* _TASK REQUIREMENTS_
Find the line with "Crafter's Workshop Modeling Paste 8oz White" in the data below. Repeat it and every line after it up to the end, exactly, but drop the pictures.

* _DATA BLOCK_
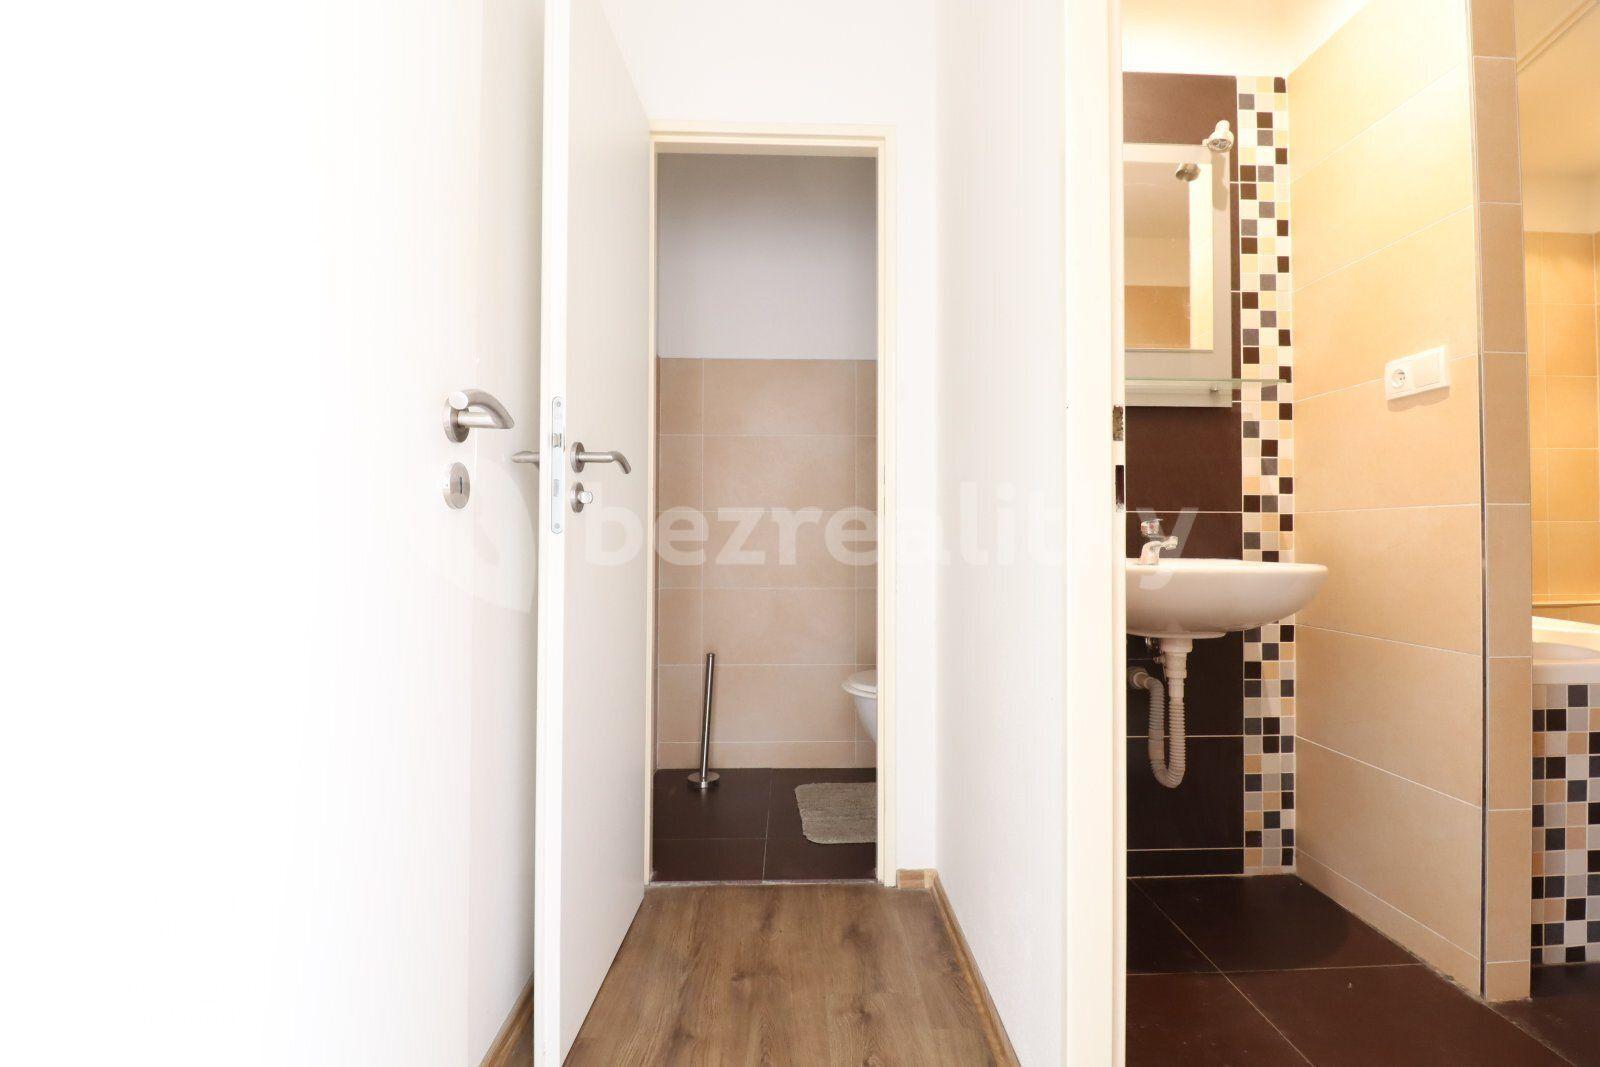 2 bedroom with open-plan kitchen flat to rent, 75 m², Přímětická, Prague, Prague
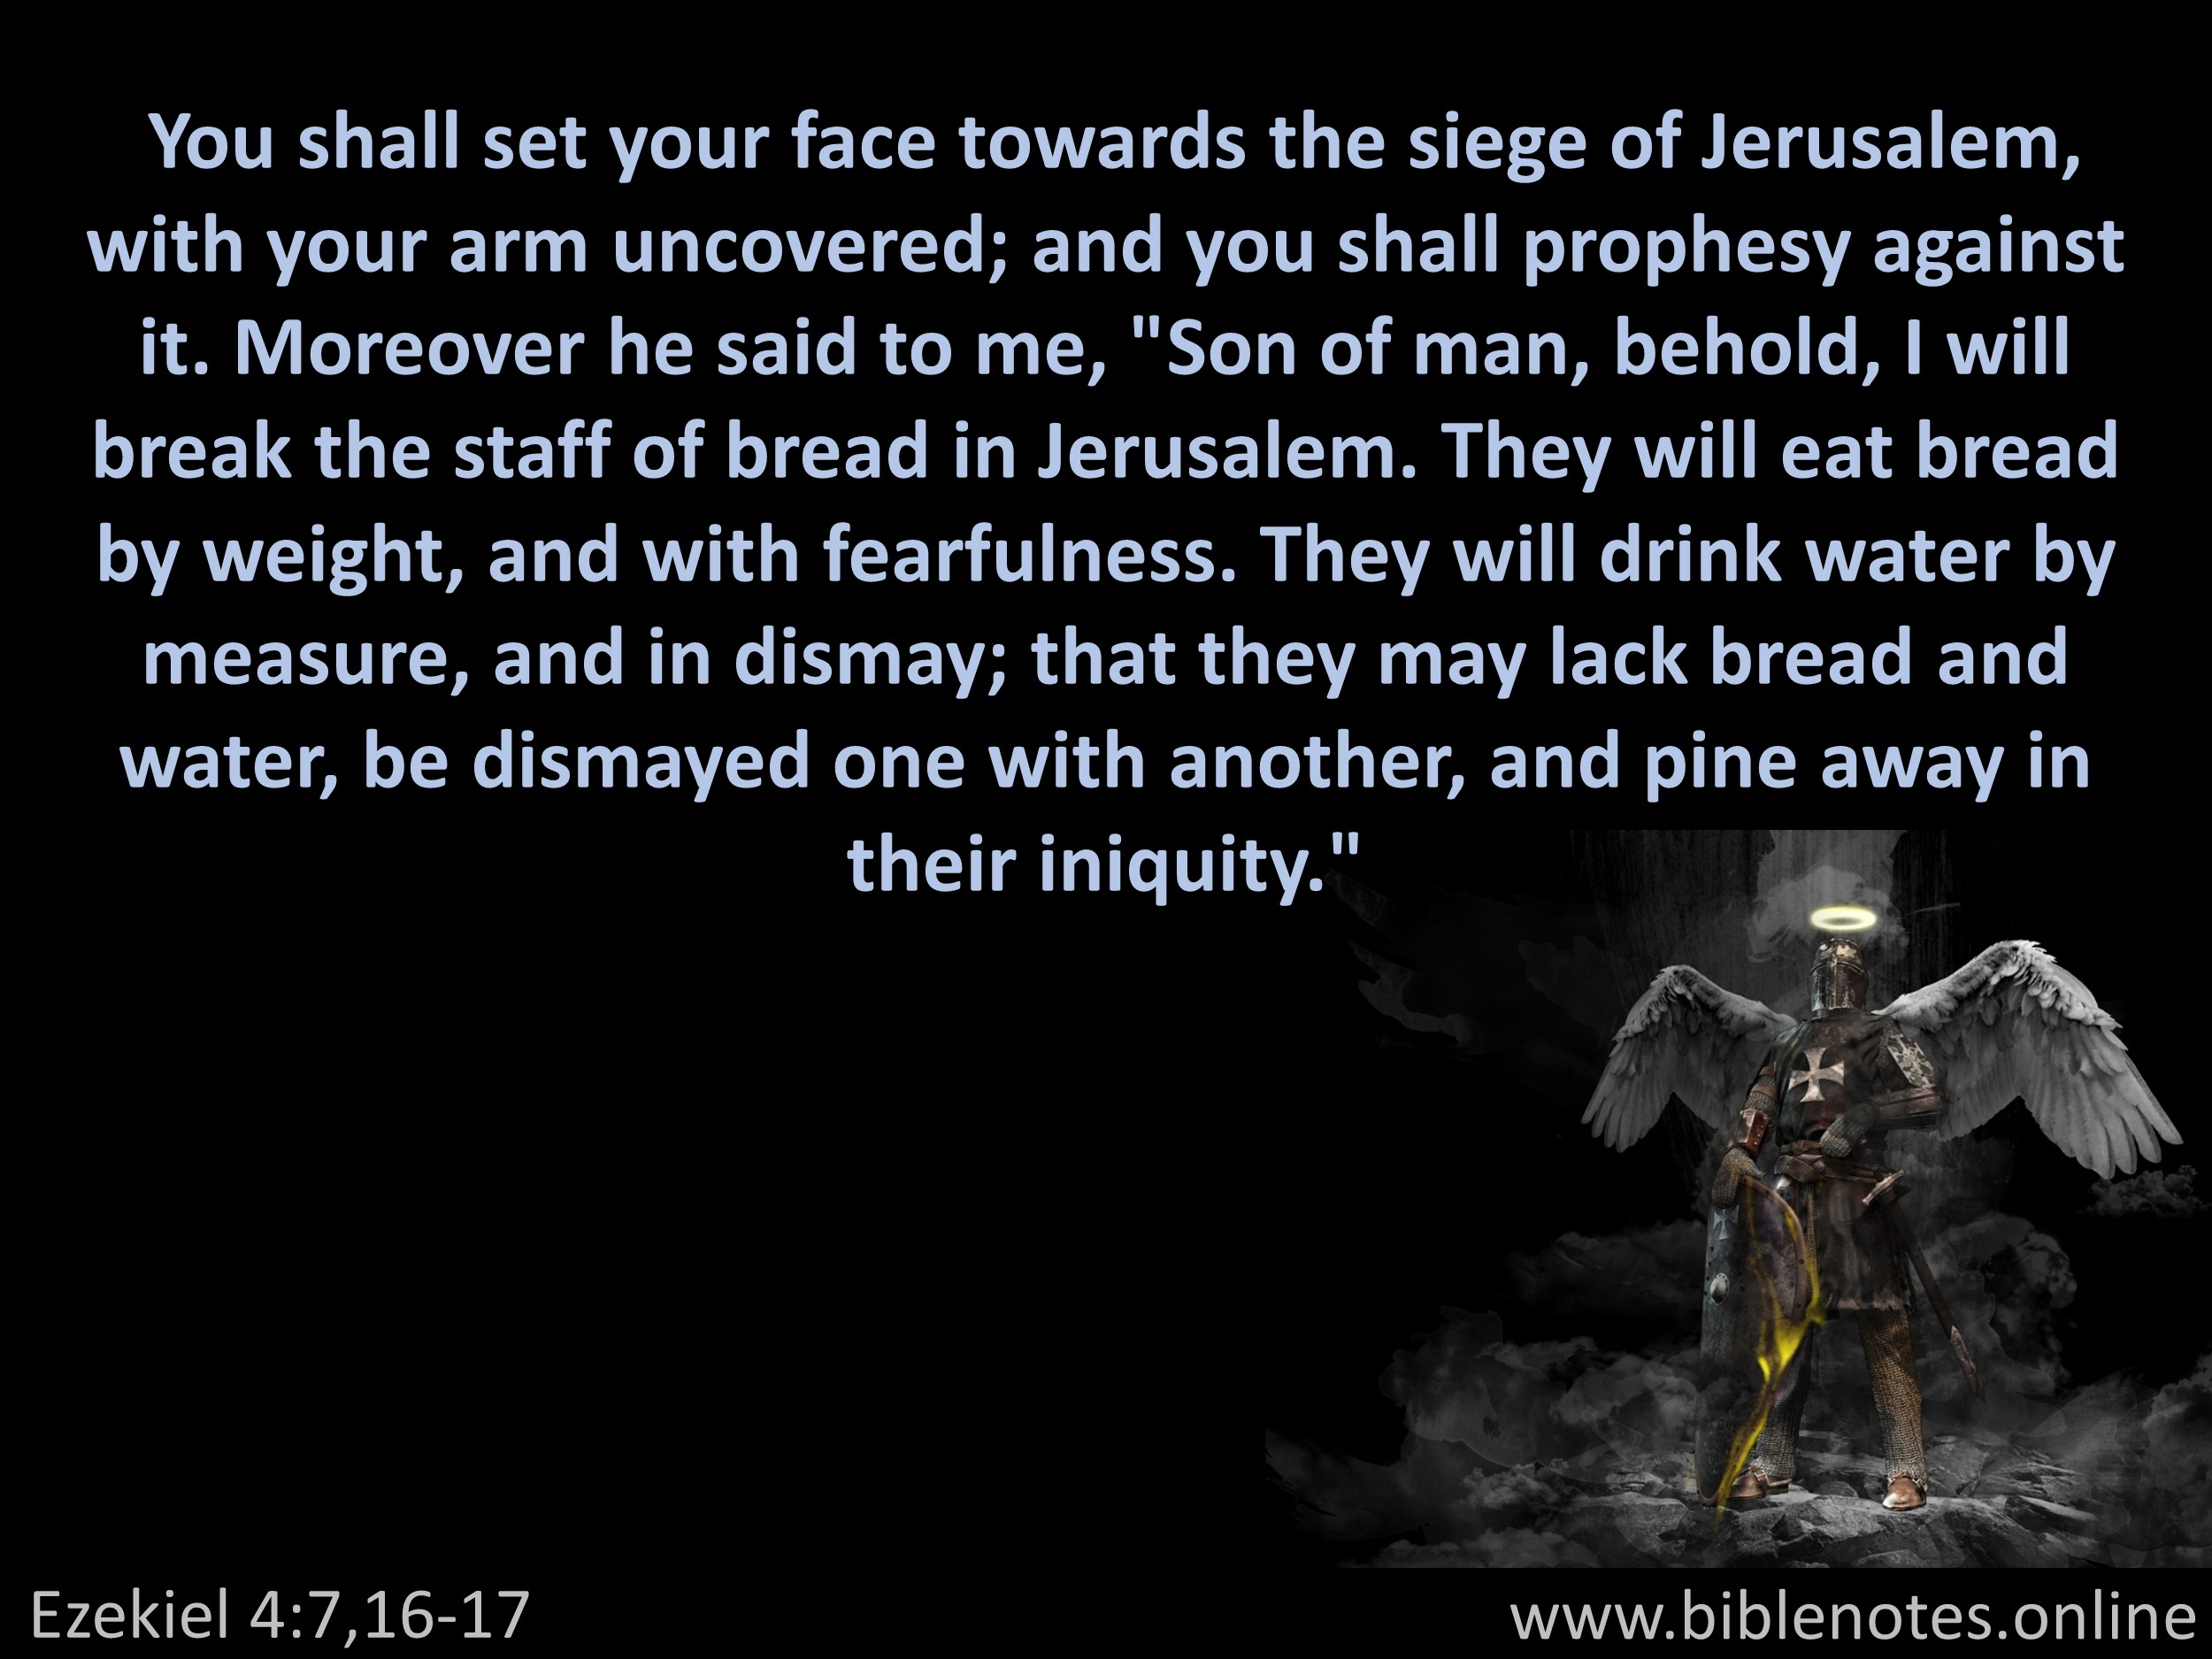 Bible Verse from Ezekiel Chapter 4
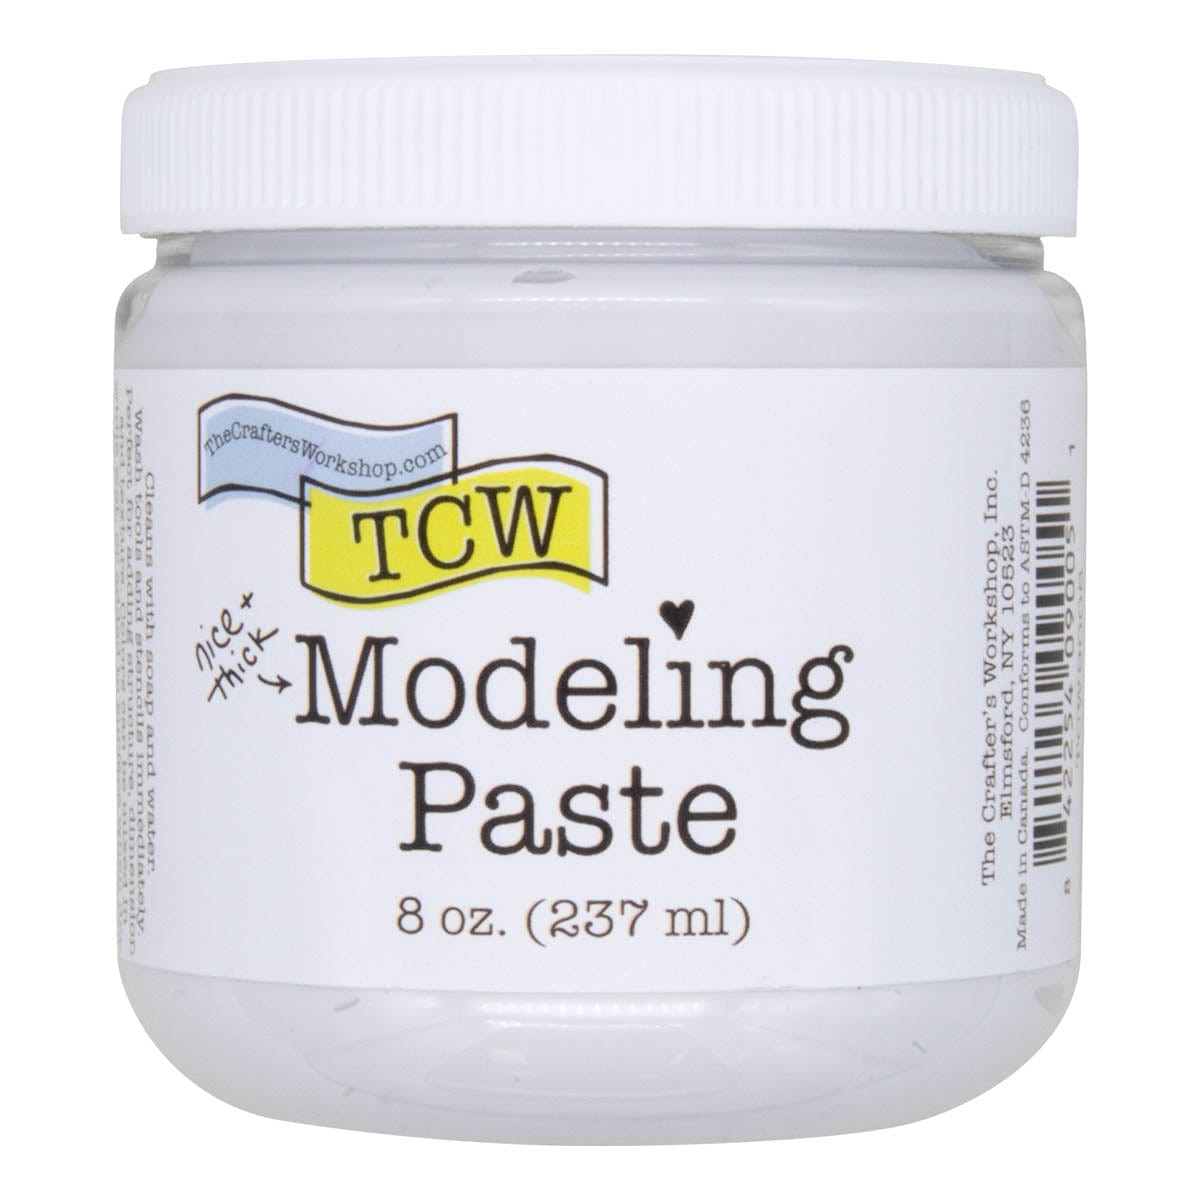 Crafter's Workshop Modeling Paste 8oz White
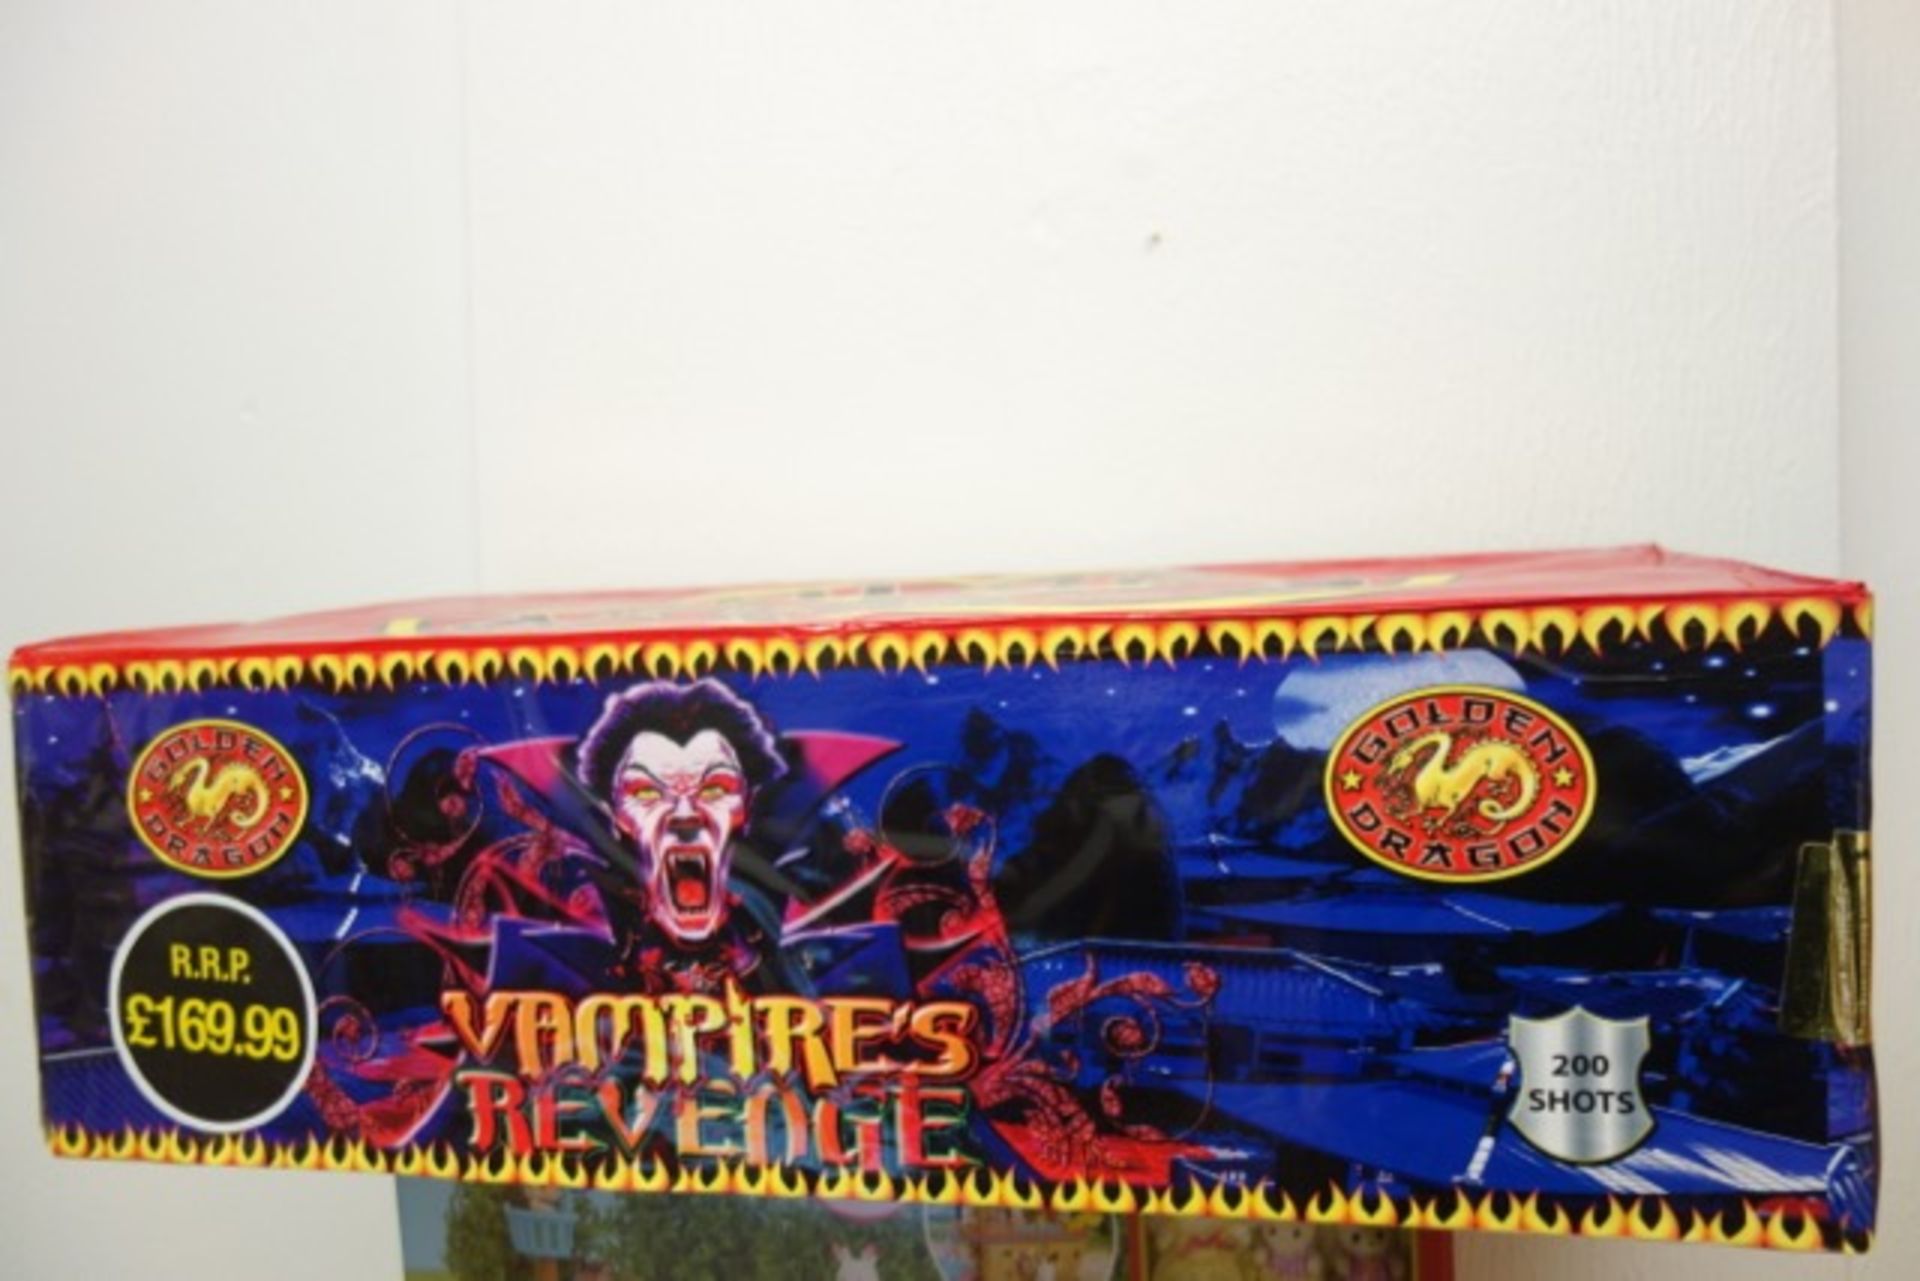 1 x Golden Dragon Fireworks - Vampires Revenge - 200 Shot Cake - Price Marked at £169.99. A 200 shot

* _OUTPUT OF THE TASK_
 Crafter's Workshop Modeling Paste 8oz White
 1 x Golden Dragon Fireworks - Vampires Revenge - 200 Shot Cake - Price Marked at £169.99. A 200 shot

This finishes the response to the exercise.